Na publicação passada, abordamos a história do modelo de negócios das credenciadoras. Contamos como o setor de pagamentos inicialmente se desenvolveu em torno do problema de liquidação de transações e como, no começo do século, resolveu o problema da exclusividade entre credenciadoras e bandeiras. Com essa solução, o mercado e as autoridades reguladoras foram capazes de beneficiar vendedores e compradores, gerando ganhos de escala para todos.

O fim da exclusividade não é o único capítulo recente da história do modelo de adquirência que demonstra o impacto de inovações no setor de pagamentos. Após o fim da exclusividade, em 2013, entra em vigor a Lei nº 12.865 que, dentre outras especificações, estabeleceu a interoperabilidade inter-arranjo e intra-arranjo, promovendo um acesso não discriminatório aos serviços de pagamentos. Ainda, por meio dessa norma, os arranjos e as instituições relacionadas aos cartões de pagamento passaram a integrar o Sistema Brasileiro de Pagamentos (SPB).

O princípio da interoperabilidade foi determinante para a evolução do uso de máquinas de pagamento ligadas a caixas no setor (pinpads). Isso porque o pinpad comporta, dentro de um mesmo equipamento, as chaves criptográficas de diferentes credenciadoras (ao contrário da maquininha móvel, que geralmente só possui a chave de uma única credenciadora). Para que o pinpad possa efetivamente comportar diversas credenciadoras, o equipamento deve registrar cada venda realizada através da chave de criptografia das respectivas credenciadoras.

Porém, em razão da existência de diversas versões de mapas de chaves criptográficas e possibilidade de customização de tais mapas, nem todas as credenciadoras eram capazes de contar com suas chaves inseridas em todas os pinpads ativos. Novamente, tal situação gerava custos para os lojistas e recebedores em geral, que não eram capazes de oferecer múltiplos serviços de pagamento para seus clientes.
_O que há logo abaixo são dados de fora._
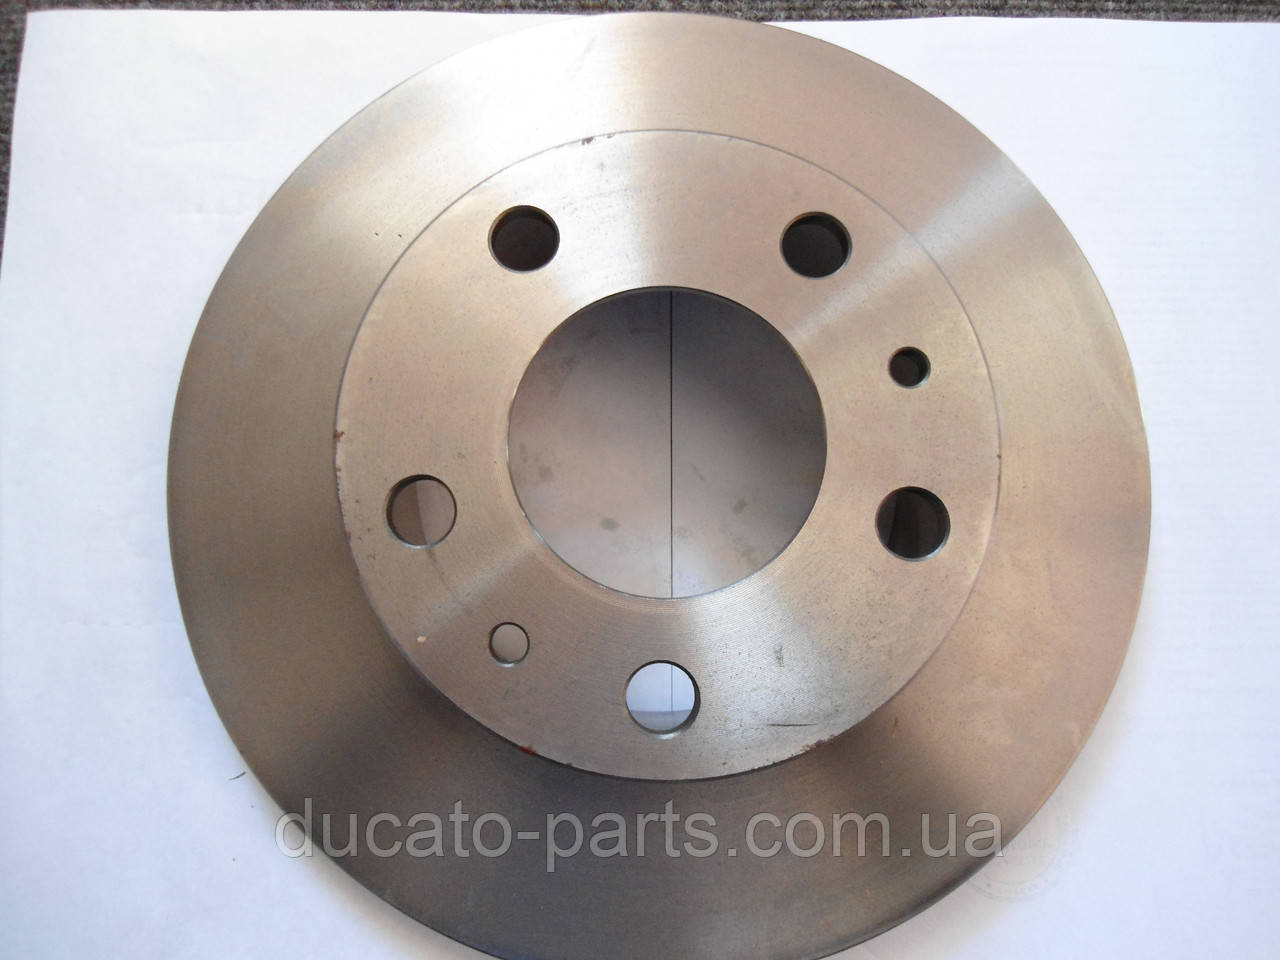 тормозные диски fiat ducato 280

A solução da indústria, a partir da Associação Brasileira de Empresas de Cartão de Crédito e Serviços – Abecs, junto do Banco Central e do Conselho Administrativo de Defesa Econômica, foi a de montar um mapa de chaves definitivo e de uso obrigatório. Com tal solução, os pinpads passaram a ser “interoperáveis”, beneficiando lojistas e impedindo que credenciadoras com novas chaves fossem prejudicadas.

Como se constata da história do modelo de negócios de adquirência, há um grande caminho percorrido no sentido de viabilizar ao mercado uma solução escalável e eficiente para a realização de transações. Essa é uma premissa incorporada pelo Educbank no desenvolvimento de sua própria identidade: a oferta de uma solução que beneficie tanto famílias, quanto escolas. E que não discrimine entre meios de pagamento – sendo possível inclusive o pagamento via criptomoedas.

Se por um lado a história do mercado demonstra o caráter inovador associado às atividades de adquirência, por outro mostra que não basta a criação de soluções genéricas. O Educbank trabalha em prol de uma inovação que endereça problemas reais porque possui uma missão concreta: o desenvolvimento da educação básica de qualidade com equilíbrio financeiro.